Paul McCartney, Beatle, is responsible for some of the most outrageously beautiful songs of all time – Yesterday, For No One (quite possibly my favourite Beatles song ever – certainly in the top five), Hey Jude and Eleanor Rigby for example; he also wrote some of the Beatles’ best rock tracks, including Helter Skelter, Get Back, Paperback Writer and the greatest opening track to a debut album ever, I Saw her Standing There.
However, James Paul McCartney is the author behind the worst of the Beatles’ canon: the insufferable Ob-la-di, Ob-la-da, the truly execrable Maxwell’s Silver Hammer and that one man ego trip that was Let It Be…Naked. The Love album aside (which I think is a remarkable, beautiful achievement) I don’t think you should mess with a body of work; once a recording is out there it no longer belongs to the artist, it belongs to the paying audience. Let It Be…Naked was wrong in exactly the same way that the 40th anniversary Doors remasters were wrong. We all know Jim was censured, that his words were adulterated, but we’ve lived with the ‘official’ version of Break On Through for 45 years now – why change it? Let It Be…Naked may have unearthed a new version of Don’t Let Me Down, but it should never have existed.

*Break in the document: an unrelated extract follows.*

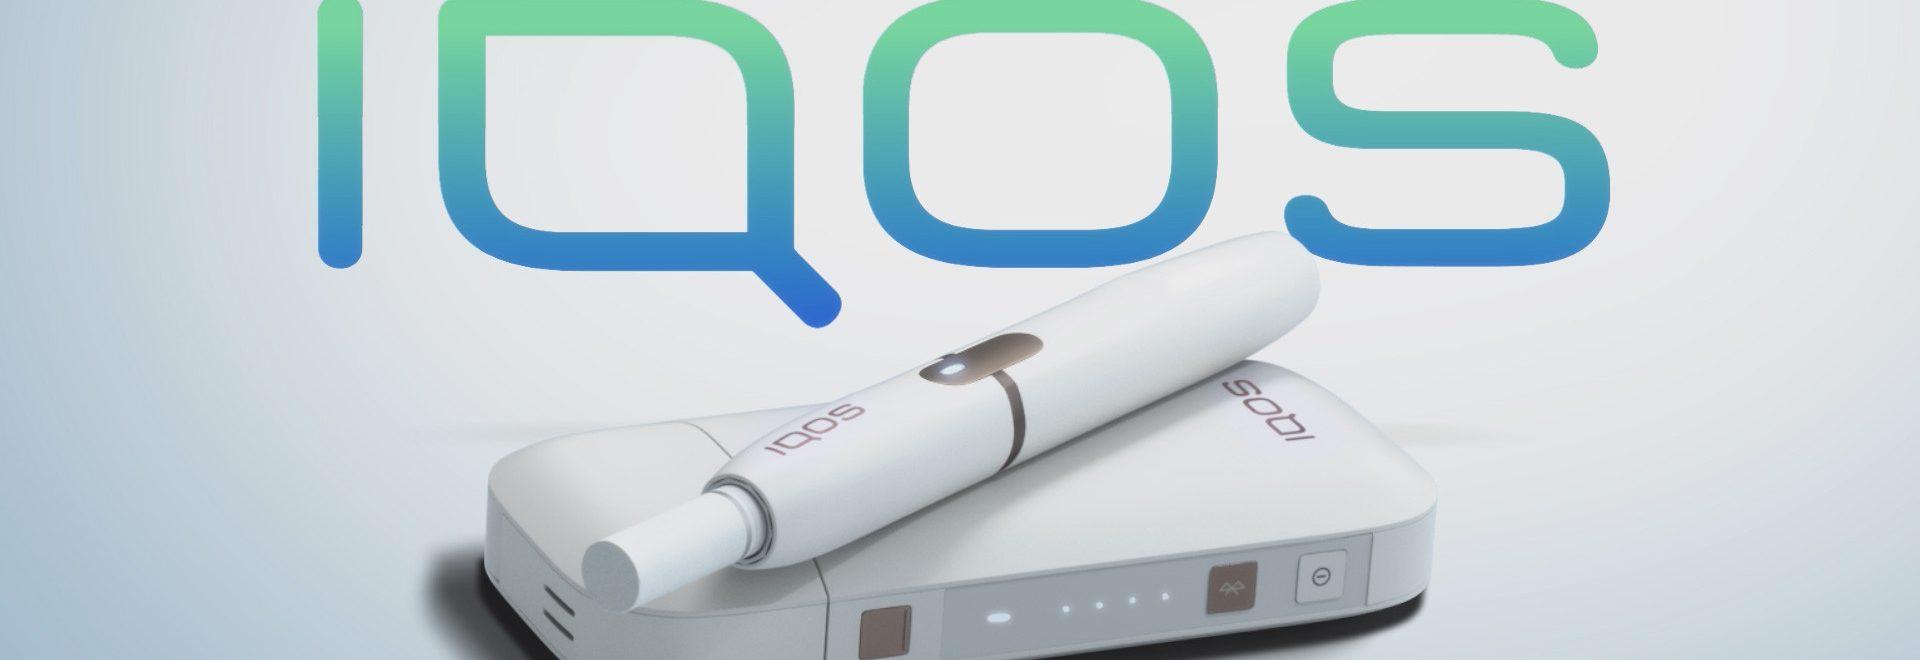 IQOS от Philip Morris 💨VAPE жидкости/основы/железо🔋 Цены➔ ilfumo.ru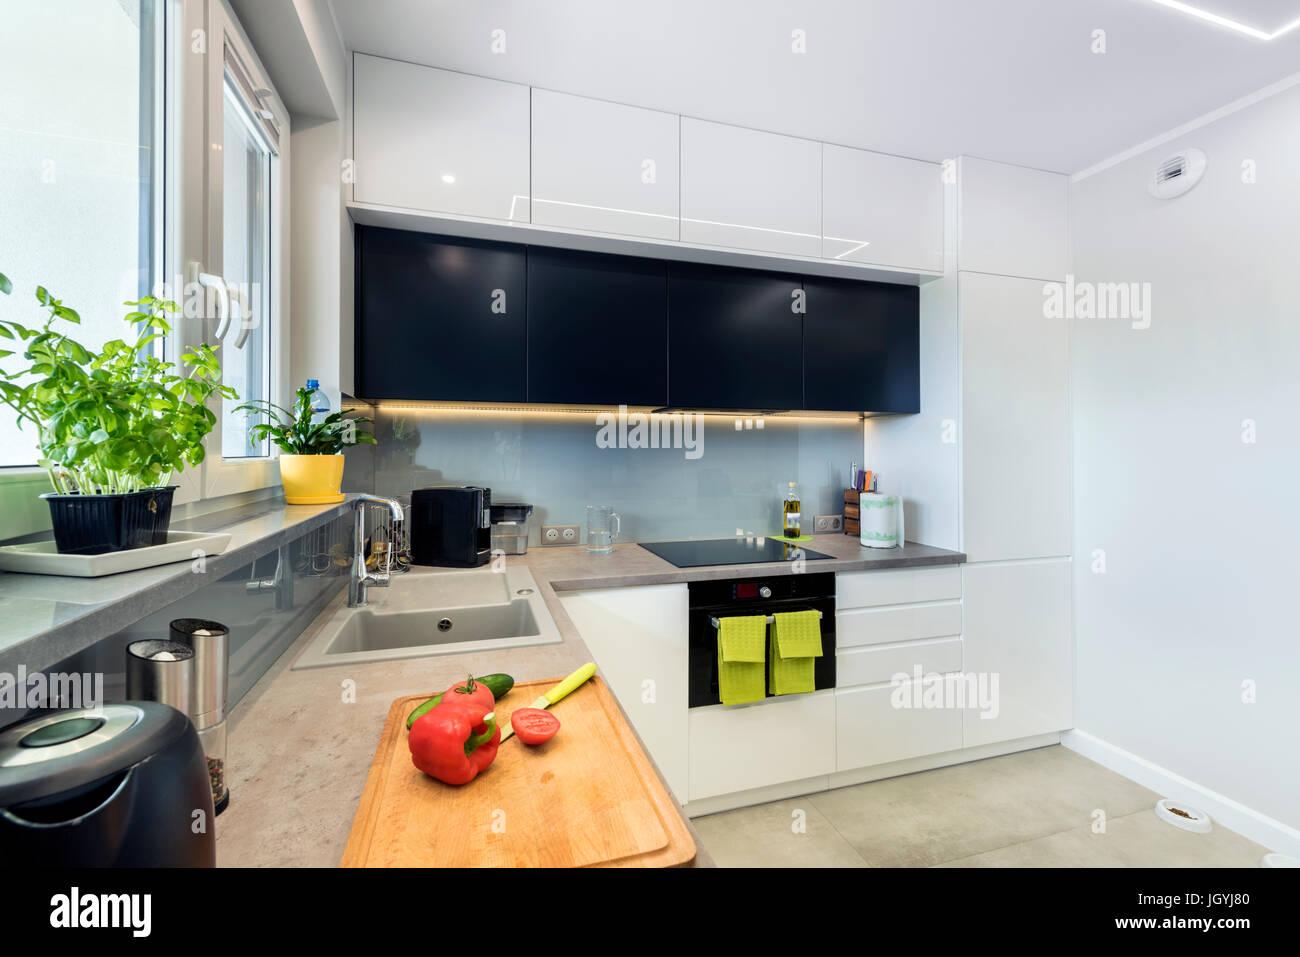 Modern kitchen interior design in white and black finishing Stock Photo

Anyway, no matter how bad the worst of McCartney’s Beatles compositions were, they are nothing compared to the worst excesses of his solo and Wings years. You could easily fill a double CD with some of the bollocks he’s produced since the greatest band that ever walked the planet split. The world can get by quite happily without one version of Oobu Joobu: it certainly does not need six! And as for certified turds like Morse Moose and the Grey Goose, Wonderful Christmastime, Bip Bop, Spies Like Us, the stupid The Other Me (with its ridiculous opening couplet ‘I know I was a crazy fool for treating you like I did, but something got a hold of me and I acted like a dustbin lid’), Move Over Busker, that awful bloody Frog Chorus garbage and almost all of his moronic vanity projects, such as the Thrillington album (instrumental versions of the hugely underrated Ram), the Country Hams, Rockestra and so on, the world would be a better place without them.
He’s been producing garbage for more than 40 years, but nothing quite as awful as this. Today, ladies and gentlemen, for your enjoyment the World’s Worst Records presents Paul McCartney dragging down the career of another one-time great with the nadir of his solo work, Ebony and Ivory.
Everything about this half-assed project is wrong, from the fact that the two of them didn't even record their parts at the same time or in the same studio to the wretched cover (above) with a whimsical Paul leaning against an oversized keyboard and a crappy photo of Stevie tacked on as a last-minute sop to the co-creator of this pap. It's horrible, horrible, horrible. Lord knows how it managed to get to number one in the UK, US, Canada, Japan, Norway and Germany. Still, not everyone was fooled: the song was named as the tenth worst song of all time by Blender magazine and was cited as the worst duet in history by listeners of BBC 6 Music.
I love the Beatles...but I hate this.